Hommage aux victimes d'Orlando

L’exubérance et la joie se sont aussi tues le temps d’un moment de silence dédié à la mémoire des victimes d’Orlando. Tête baissée, Malika pensait à son propre calvaire. « Je faisais passer mon meilleur ami pour mon copain, je devais me cacher. Je ne vivais pas, je vivotais », résumera-t-elle plus tard, assise pour se restaurer. Un ami de cette Camerounaise a été empoisonné le mois dernier.

En plus de la pression sociale et étatique, c’est à l’intérieur même de la famille que l’orientation sexuelle est réprimée. Ses parents ont été convoqués plusieurs fois devant la police à cause d’agissements rapportés, « vrai ou faux, tout le monde en profite pour extorquer de l’argent », se désole la jeune femme. « J’ai dû nier devant eux », poursuit-elle. Les liens familiaux ayant été rompus puis réparés, elle préfère garder l’anonymat.

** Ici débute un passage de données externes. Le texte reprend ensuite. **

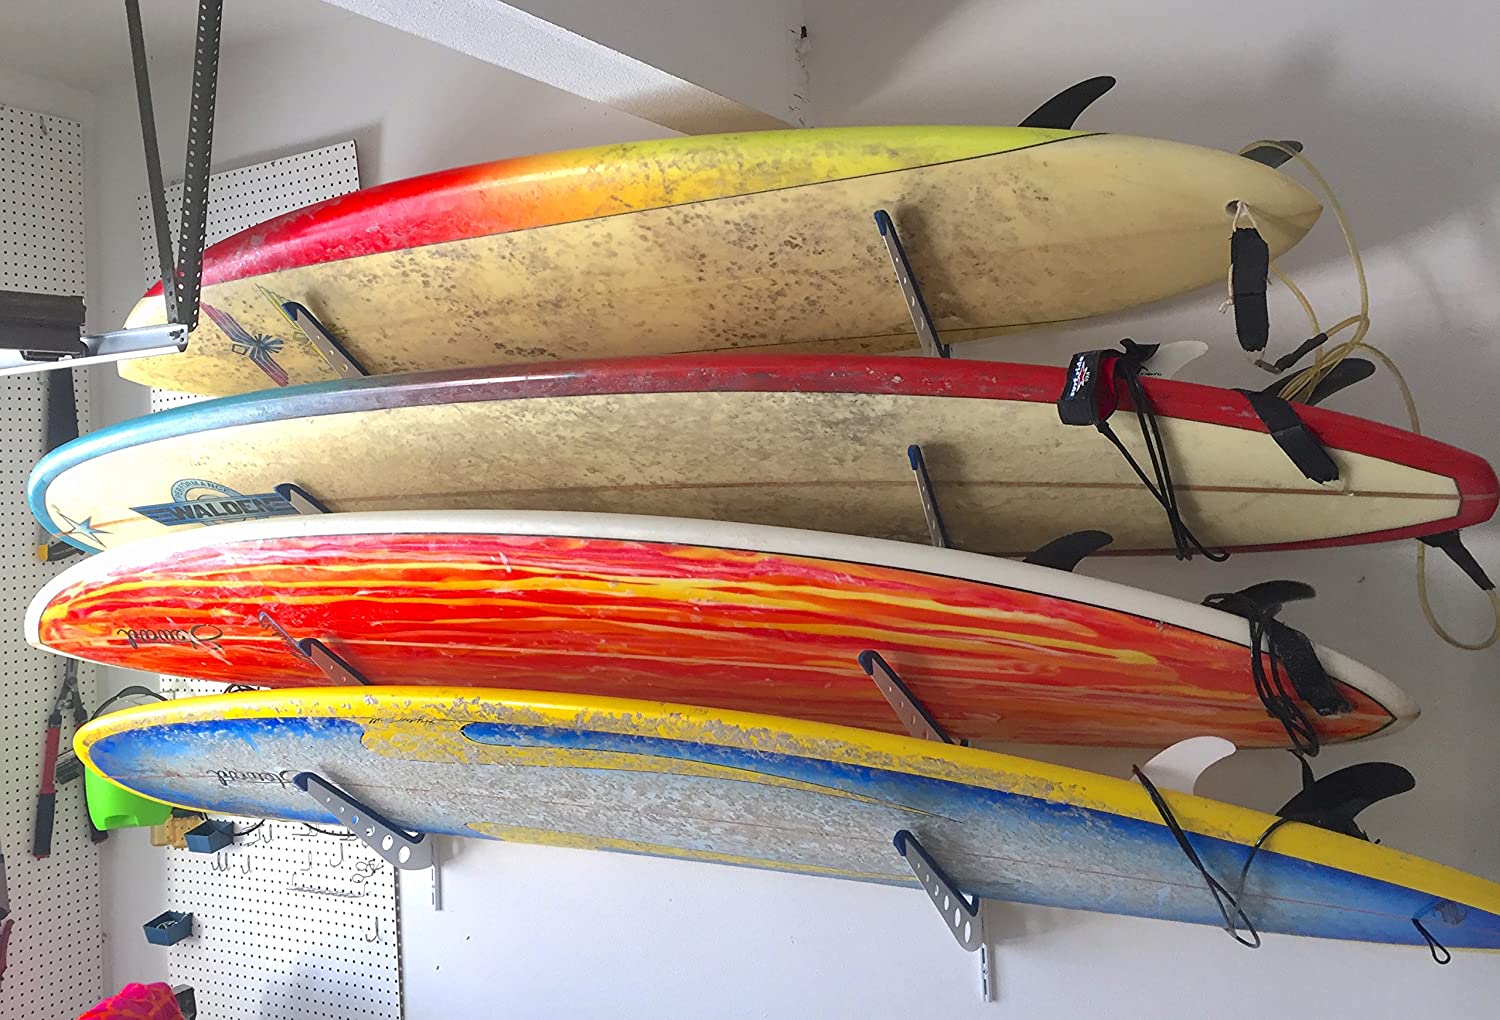 Top 10 Best Surfboard Storage Racks in 2021 Reviews | Buyer's Guide

« Je suis encore bloquée dans ma tête, j’ai même du mal à aborder une femme. Mais ce que j’ai vu aujourd’hui, ça me libère, je vais peut-être m’exprimer. » L’air las de celle qui a claquemuré son identité pendant trop longtemps, les épaules remontées, elle dit pour la première fois depuis le début de la journée « je suis lesbienne, je suis fière ».